[RELEASE] EPG Scraper for Switzerland, Germany, and Austria
#16
There is a new release 0.9J for the epg-script

http://code.google.com/p/epg-swiss/downl...z&can=2&q=

Note :
The ID-has changed inside the script.
Now the script produce 100 % conform xml
Reply
#17
If you get the latest svn trunk it is possible to run this script

- On Ubuntu 10.04. LTS
- Debian 6.0
- allmost all other linux
- Mac OS X Snow Leopard

The support for Mac OS was added by Thomas Oeding (thnx)

Regards
Hans
Reply
#18
This grabber is great.

I found a little bug concerning program time timezone ( so that the epg was off by 1 hour in tvtime & gtvg ).

You just set the timezone to +0100 in line 392 which is wrong since those times are CET summer time by now which is UTC +0200 :

Code:
filler="00 +0100" # CET

Timezone actually depends on sumer / winter time for CET as can be read in the output of the tv_grab_eu_epgdata grabber :

http://www.linuxforen.de/forums/showthread.php?t=254468 :

Quote:Enter the time offset from UTC here. Think of it as your time zone. For example: during winter in Germany, you should enter "+0100". During summer, use "+0200". (without quotation marks)

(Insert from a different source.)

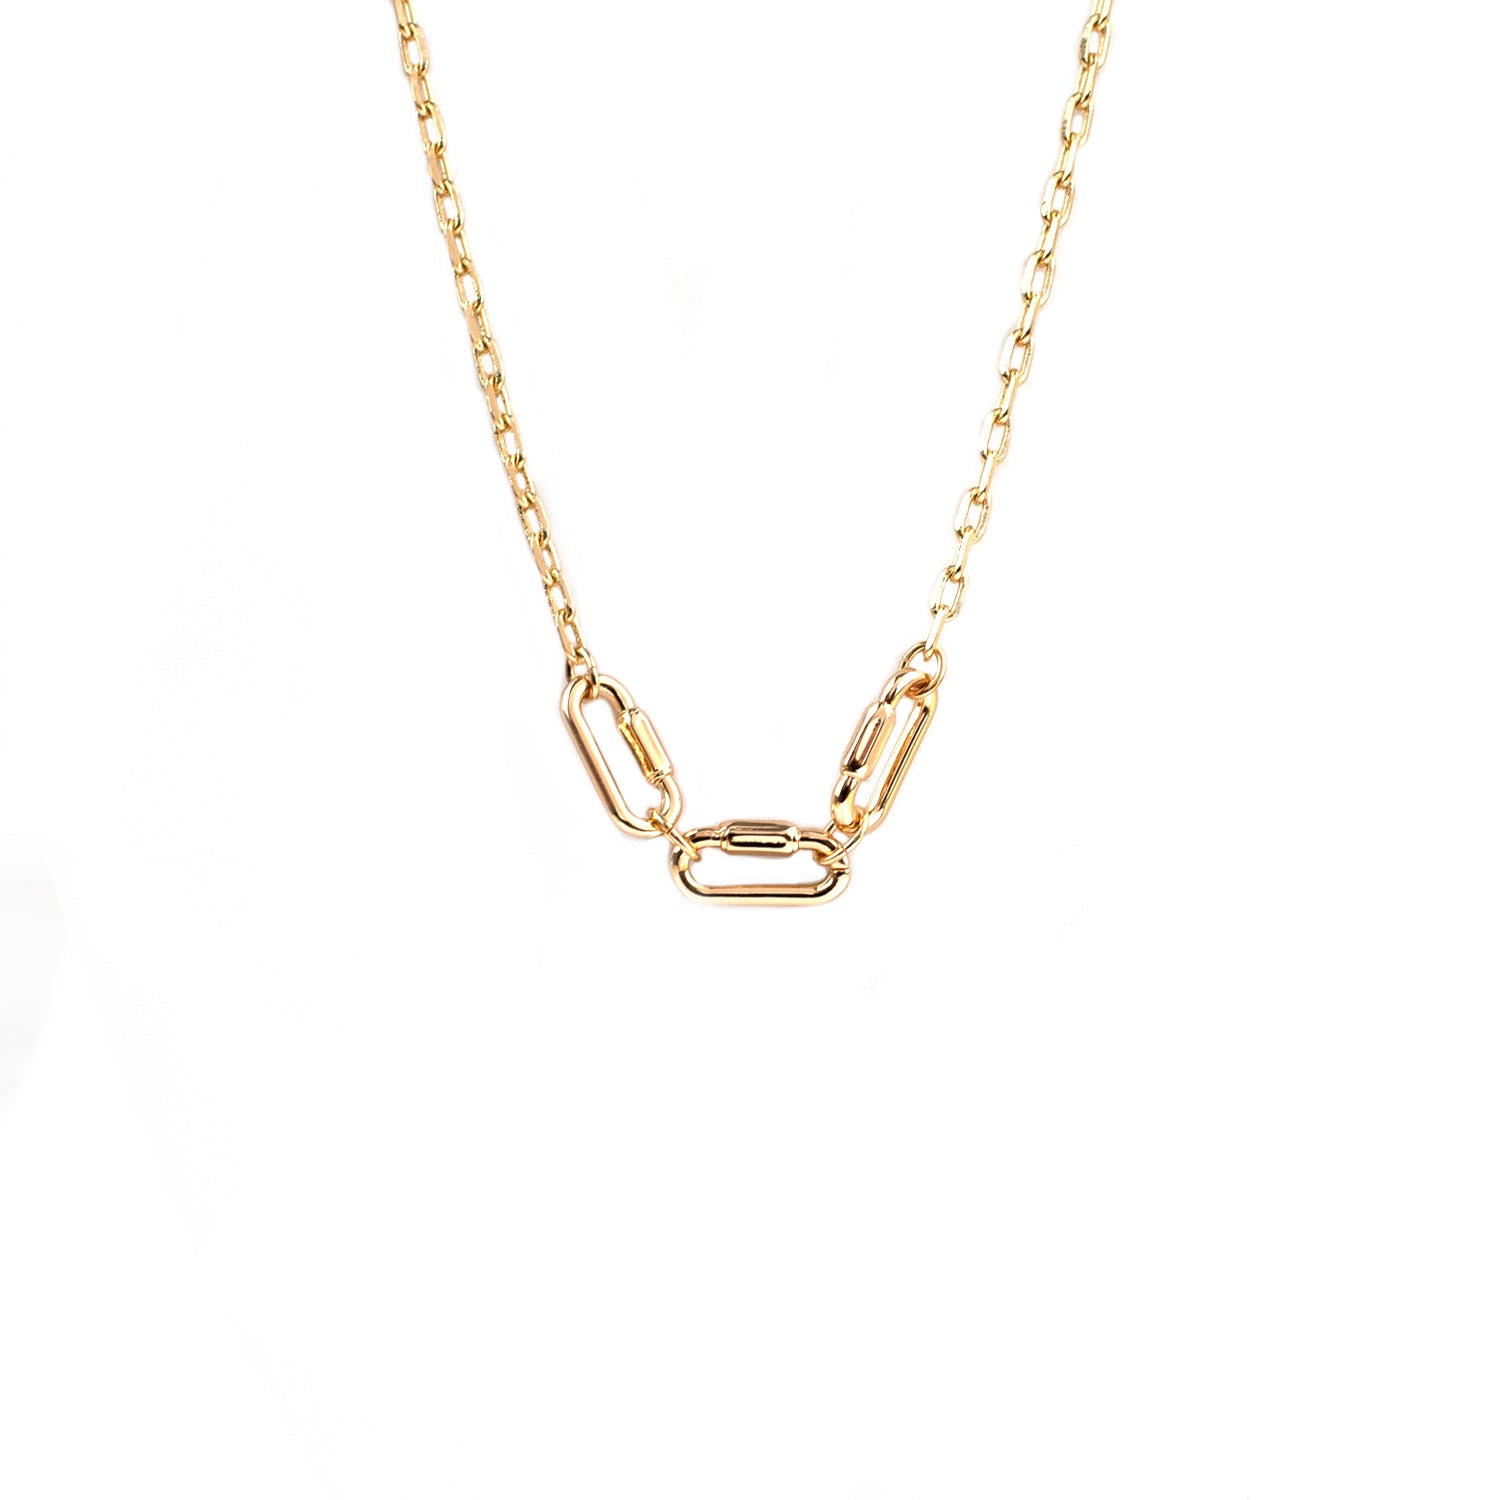 14K Yellow Gold Large Open Link Chain with Diamond Carabiner Necklace, 16

Maybe it would be possible to set the timezone to winter / summer time accordingly. Or maybe even better all program times could be converted to UTC ( time->utc +0000 ) so that no summer / winter time conversion would be needed at all.
( I am currently working on the implementation )

Another suggestion : It would be nice if there was a way to manually set channel id and name for all channels, e.g. by using a channelname[:channelid] structure in setup.cfg ( :channelid being optional ).

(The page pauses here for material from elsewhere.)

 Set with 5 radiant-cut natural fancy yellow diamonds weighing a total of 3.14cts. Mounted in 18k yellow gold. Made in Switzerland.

Especially the channel ids are very uncommon right now ( e.g. the channel id for zdf should be zdf.de not 2.tv.search.ch ). Right now I grep threw the database to replace channel ids.
Reply
#19
I found an easy solution to the timezone problem :

Replace

Code:
filler="00 +0100" # CET

with

Code:
filler="00 `TZ=Europe/Zurich date +%z`" # Current epg server timezone

It will set the timezone according to the current timezone at server location which is the timezone of the program times of the website ( +0100 at winter time, +0200 at summer time ) and it works no matter from where in the world you execute it.
Reply
#20
Thanks for the feedback. I worked over 6 weeks for the initial code release.

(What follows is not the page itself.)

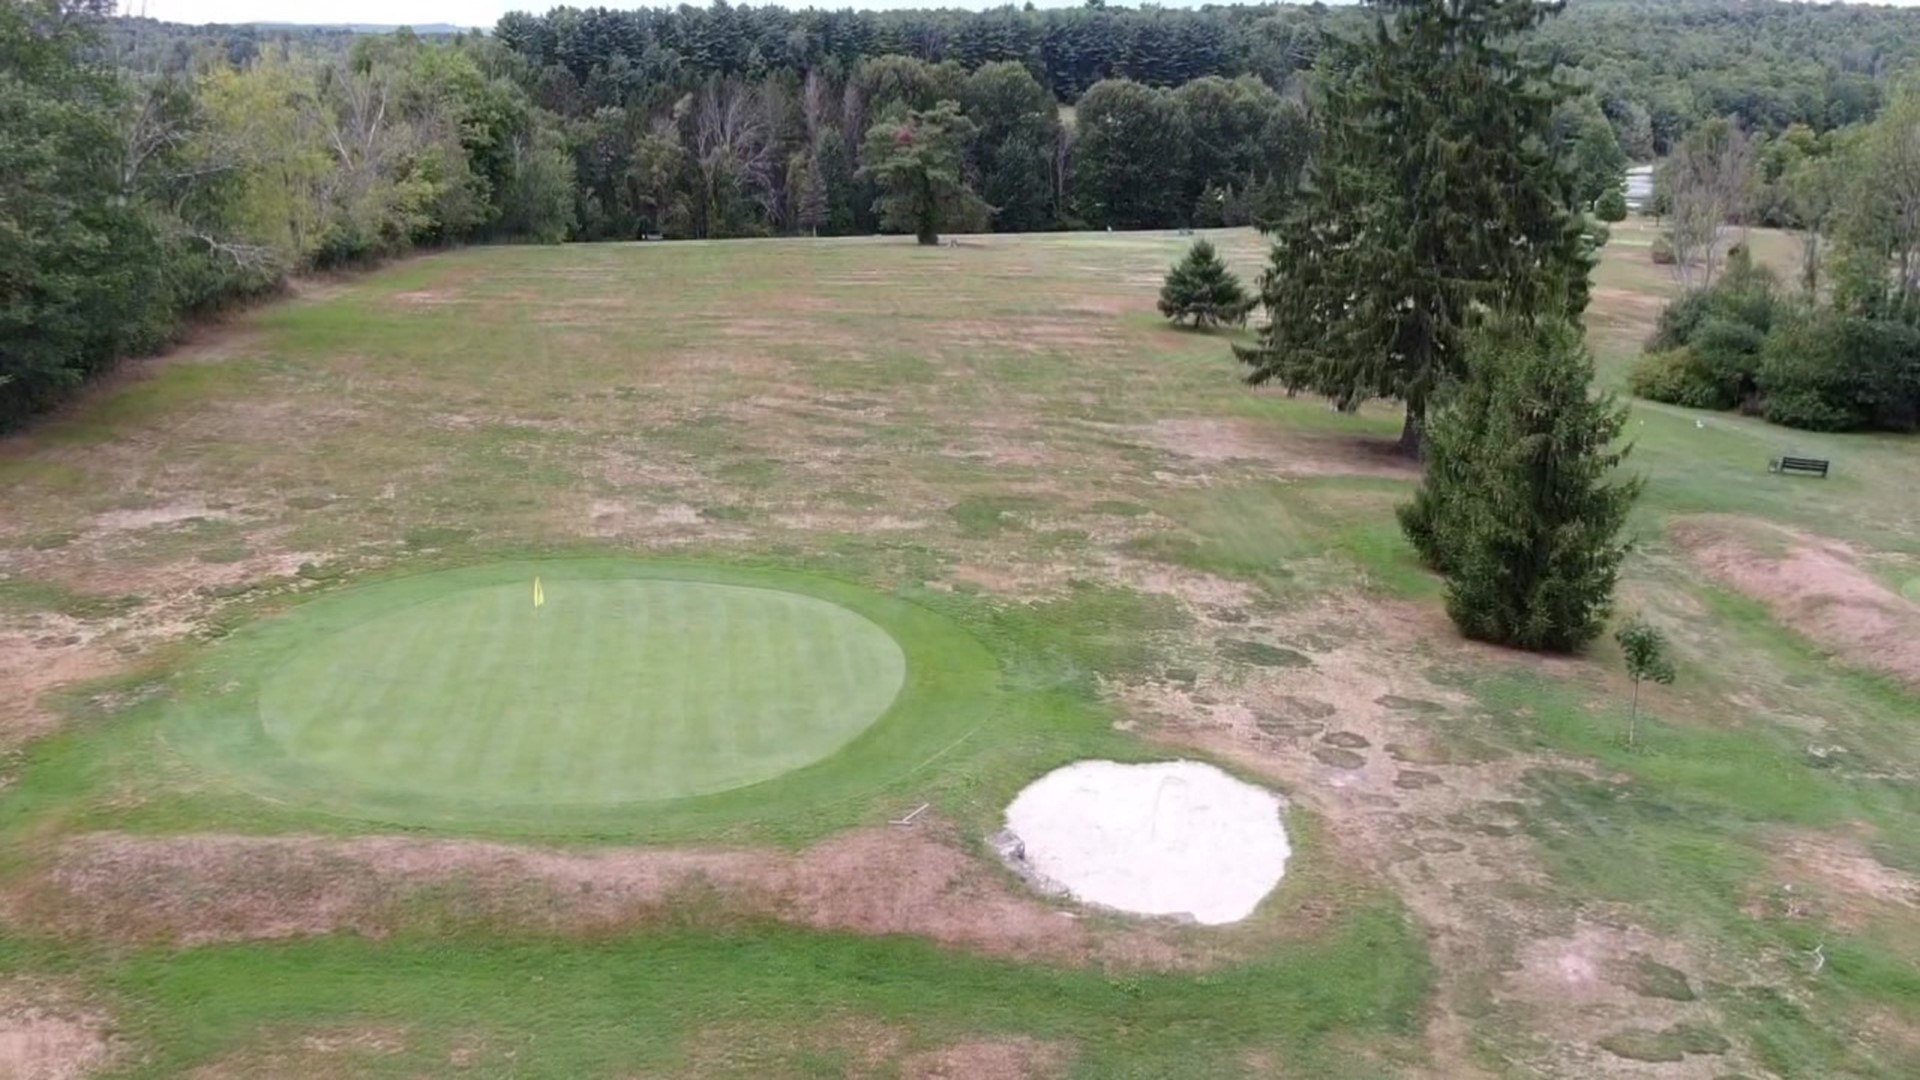 Golf is best played in warmer weather, but for maintenance crews, too much heat and too little rain can be a problem.

As soon I have time I do integrate your little patch into svn. Yes, I know the generated
id's are not the same id's that xmltv provides but I do work with channel-nummbers from 1-270 and not with the name.
You may have a patch to make the id's more xmltv compatible ?
I guess you came from german speaking part of europe ?

Regards from switzerland
Hans
Reply
#21
it is done ....
do get this version you have to checkout trunk over svn
Regards
Hans
Reply
#22
This fix with the timezone is working but has 2 little disadvantages.
If you start 1 day prior to the time-change all following data inside the xml
have a wrong timezone entry.
Regards Hans
Reply
#23
Yes, I thought about that as well. To manage an update that will cross winter / summer timezone change requires a more complex behavior ( since the times given after that change are wrong at that time ). I will take a look if I find a good solution.

Grüsse aus Deutschland.
Reply
#24
OK, I think this will work :

Code:
filler="00 `TZ=Europe/Zurich date +%z -d $year$month$day`" # Server timezone at program date

It will output the timezone in Zürich at the program date. Well - I think it will be problematic anyway since most xmltv viewer software probably will not respect the timezone change ( since they will apply the given timezone after the timezone change to the current timezone - which is wrong ). Most software which shows the data before the timezone change will display the times for programs after the timezone change wrong. But thats a bug in xmltv viewer softwares ( and would happen with the times given in UTC as well ).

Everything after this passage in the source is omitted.